Читать книгу Demon Dancer - Alexander Valdez - Страница 22
ОглавлениеChapter 17
Freedom of Walking Home
We chose to walk home some days after school; it provided a freedom to explore back alleys and old abandoned buildings. Walking through the downtown area brought back memories of George and Albert and all the fun we had walking those streets. I was wishing that I still had some of that money I used to throw around, but now it was back to being poor with the rest of my crew. Some of my guys had a nickel or two left over from their lunch money, so we would stop at the arcade where I once reigned. Old Doc would give me a free soda for old time’s sake while I sat their talking to him as my guys played the pinball machines.
The next day after school, I walked home with two girls who told me they were going to see Ricky Nelson in his hotel room.
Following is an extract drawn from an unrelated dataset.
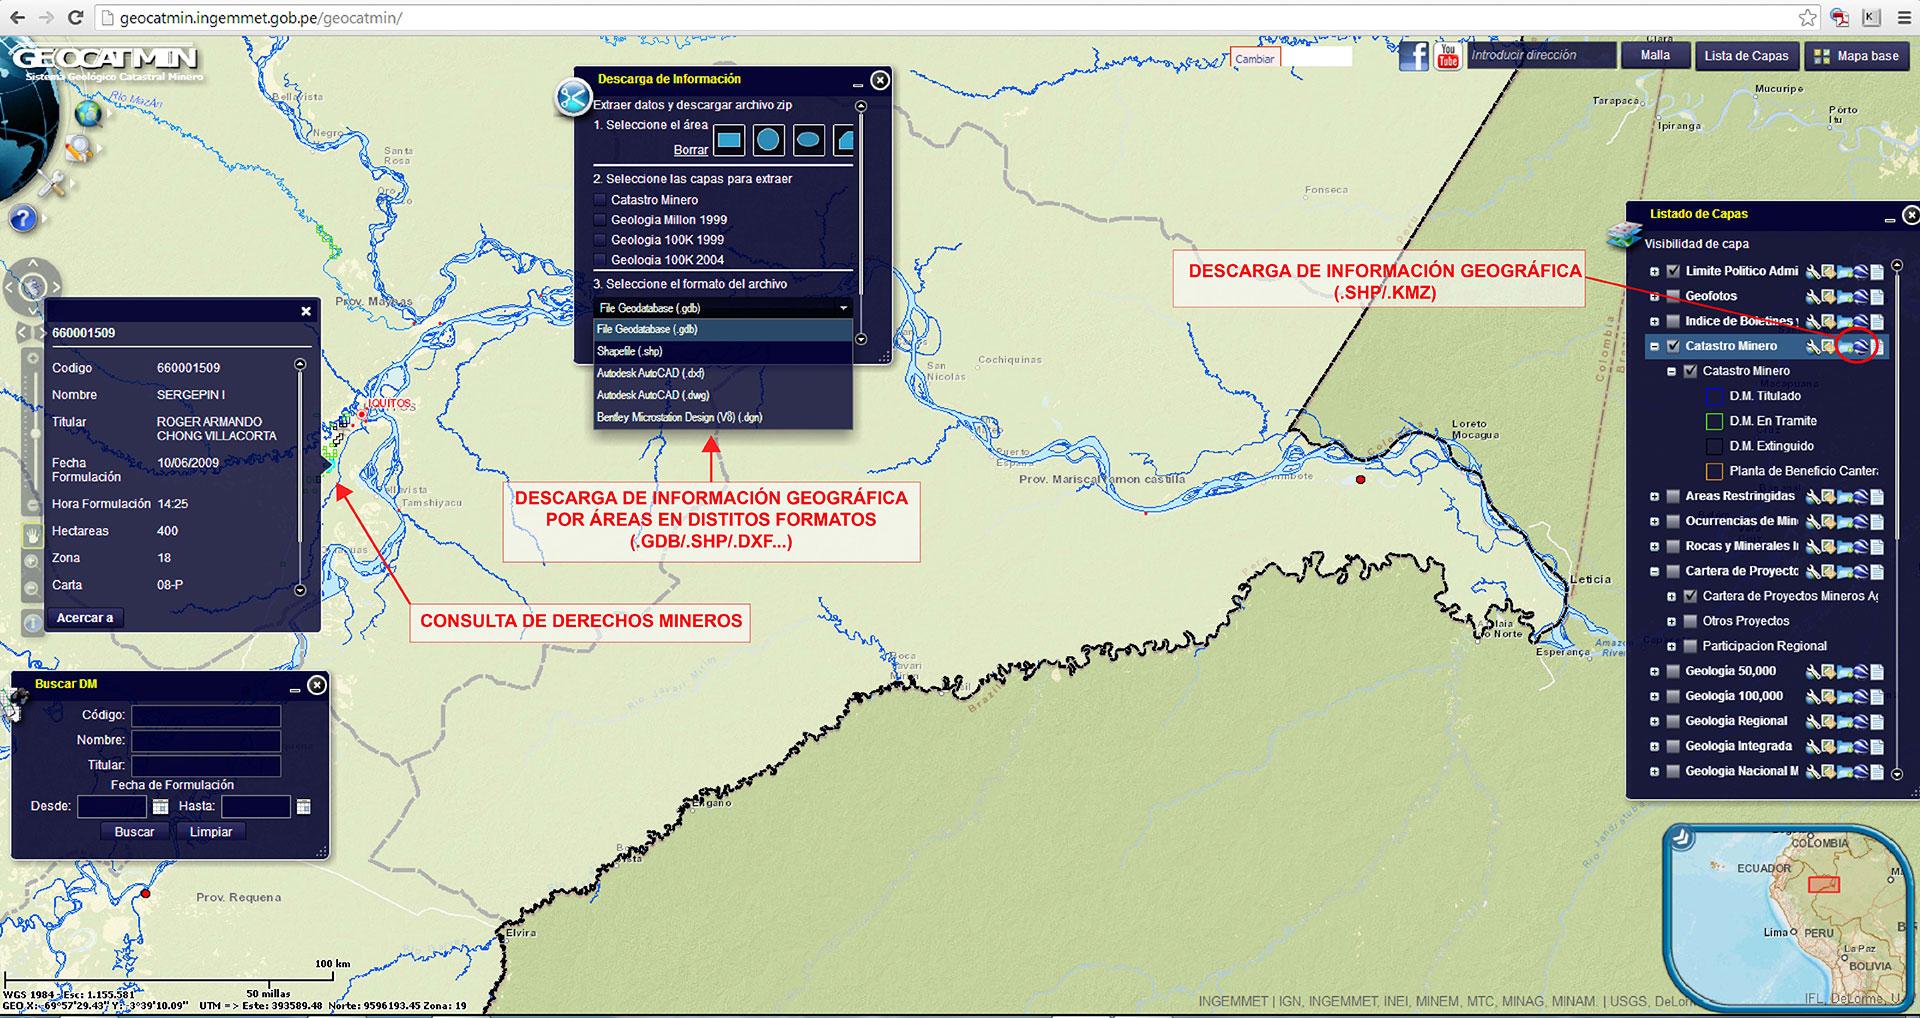 Información geográfica minera

He was in town filming Rio Bravo with John Wayne and a host of others. Ricky was staying at the Sands, which was right across the street from the old dance hall. How the girls knew exactly what door to knock on really surprised me. The girls knocked, and Rick’s friend Wally answered the door. I recognized him from the TV show or movies or somewhere, but it was Wally in the flesh.
He called over to Ricky, who came right to the door, no problems. The girls were beyond themselves with giddiness, but Ricky was really laid-back as he signed an autograph for each of us. I asked Wally for his, but he refused, saying, “Ricky’s is the one you want.” That was interesting, I thought. Ricky was actually cool and not stuck up at all. One thing we noticed was that he had really bad acne. That surprised me since on the television, he had a perfect complexion. He was a teenager after all, just like me, so there wasn’t any room to talk. Oh well, I thought, we like his music and his show, so it is satisfying for a starstruck kid.
The old dance hall and the old women back in Hermosillo were starting to plague me. The thoughts of what I had envisioned in Mexico on the day we climbed the hill to the old dance hall really stuck to me. I hadn’t told my dad about my trip to the dance hall, only because he made me promise that I wouldn’t go. Thus, I just couldn’t let him down.
My mother got the lion’s share of my trip’s news as I regaled her with the wonderful time spent with my friends. I had to come clean, though, about burying the car of the mayor’s wife in mud. Mom could always detect when I was spinning something, so I didn’t bother to lie to her. As it turned out, everybody in my family wanted to hear the blow by blow of the incident. They would all laugh and tell me I was the devil’s child. My crew, on the other hand, wanted me to run for president. They thought I deserved the award for mischievousness, and they would laugh hysterically every time the story came up.
I’ve got to say that I wasn’t telling my mom anything she didn’t already know. Stupid me, not thinking that mother’s love to talk on the phone and that she had just done exactly that with George’s mother, Lorenza, back in Mexico. She did tell my mother that in spite of it all, she really loved my visit and that everyone who came in contact with me couldn’t stop talking about me for days after I left.
Even George’s street crew of ne’er-do-wells kept bugging him about when I would be coming back again. I still remember some of them—Roberto Salazar, Sergio Cesena, Cochiberto Mazon, and others. I had made a good old-fashioned impression on them and them on me. I had one of the best trips of my life.
George and I would send letters back and forth to each other, and he would always say hello for guys from his group who always pestered him about when I might be coming back to his house. He was a true friend, and so was Alberto, his tagalong little brother. It was funny because George was introducing his buddies to Jerry Lewis’s movies and American Bandstand and other gringo fare.
I would send him a box of comic books and teen magazines that he would share with the guys. The degree of camaraderie I felt with my new Mexican brothers is hard to describe. Through George and Albert, I was blessed with a new group of kindred spirits, which was an irreplaceable feeling.